Thursday, September 27, 2012

A Blank Page


Hello, dear readers!



I apologize again for my absence. Yet again, my job has gotten the best of me, though things ae improving.






So anyway, at my Artist's Way meeting last night we were discussing a blank canvas.






One the ladies said a quote about blank canvases. It has been said that a blank canvas holds infinite possibilities. The moment you draw your first line, you are telling the canvas all the things it is not or cannot be.



I'm a writer, not a painter. So for me, I think of a blank page.





I have heard so many writers talk about the fear of a blank page.




I was never afraid of a blank page. They always excited me because I knew there was no limit to them. I was excited at all of the prospects that page could be.







Hearing that quote last night really put things in perspective for me. Never before had I thought that I was telling the page that this was what it wasn't or it couldn't be that because I was making it this instead.






Should I be afraid of the first stroke of my pen or the first key I type?





The optimist in me says no. I understand the fear that other writers and artists are talking about now. I think it is a good fear, a healthy fear. I think that all artists should approach a blank with this fear and with respect. But we need not be petrified. Rather, use that fear to choose our words or pictures carefully. To limit the canvas in the best way possible - by making the limits beautiful. Once a word is written or a line is drawn, it cannot be undone.

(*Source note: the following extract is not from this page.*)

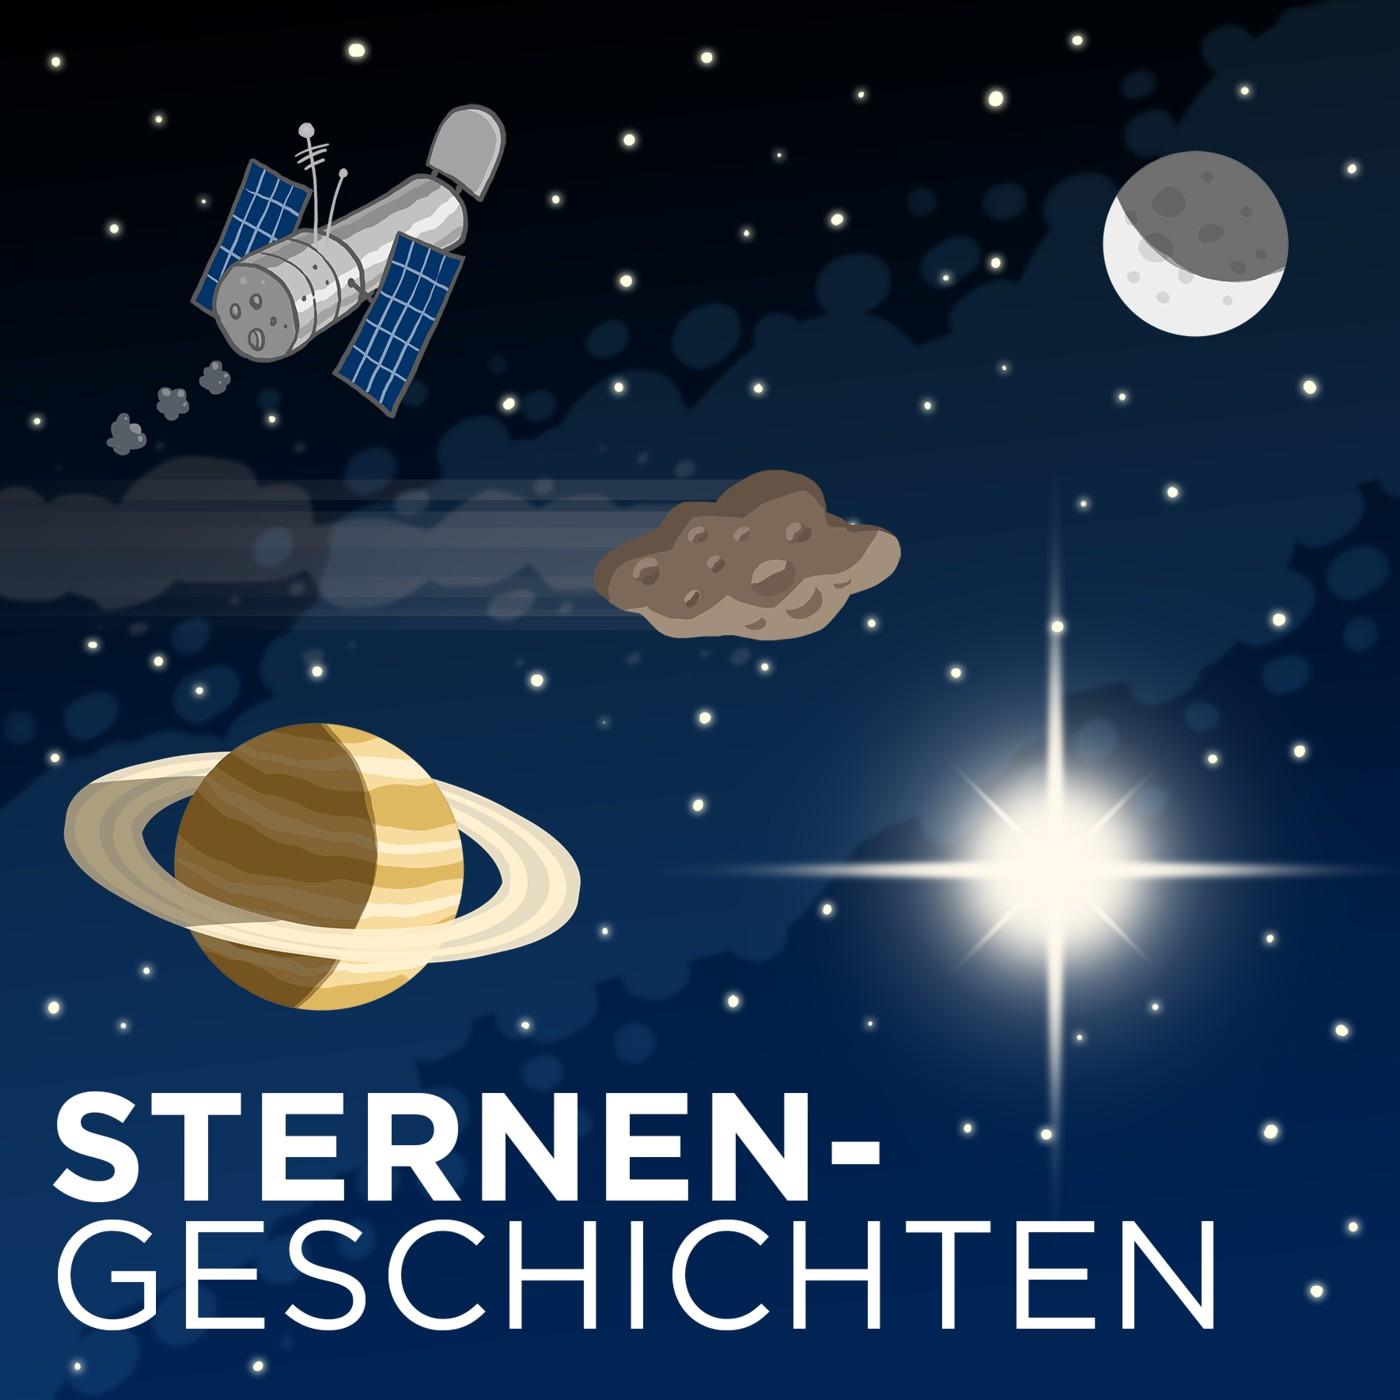 Sternengeschichten Folge 437: Icarus und das Licht der fernsten Sterne

So let us handle our craft with the utmost care and caution. Let us not be frivilous.





So now, my approach to any creative endeavor will be different. I have always taken my work seriously. Now I shall do so, but again with a new perspective.




I encourage artists of all types to share this perspective with me. I think it is the best way for each and everyone of us to create our very best.



And with that, I wish you happy reading! :)

1 comment:

Sun Singer said...

I've heard that idea before: once you draw a line or write a word, you've suddenly constricted the universe of what can be on the canvas or page.

On the other hand, I like to think that my line or word is more infinite that the page because it calls forth something that was not there before rather than leaving the blankness in waiting mode.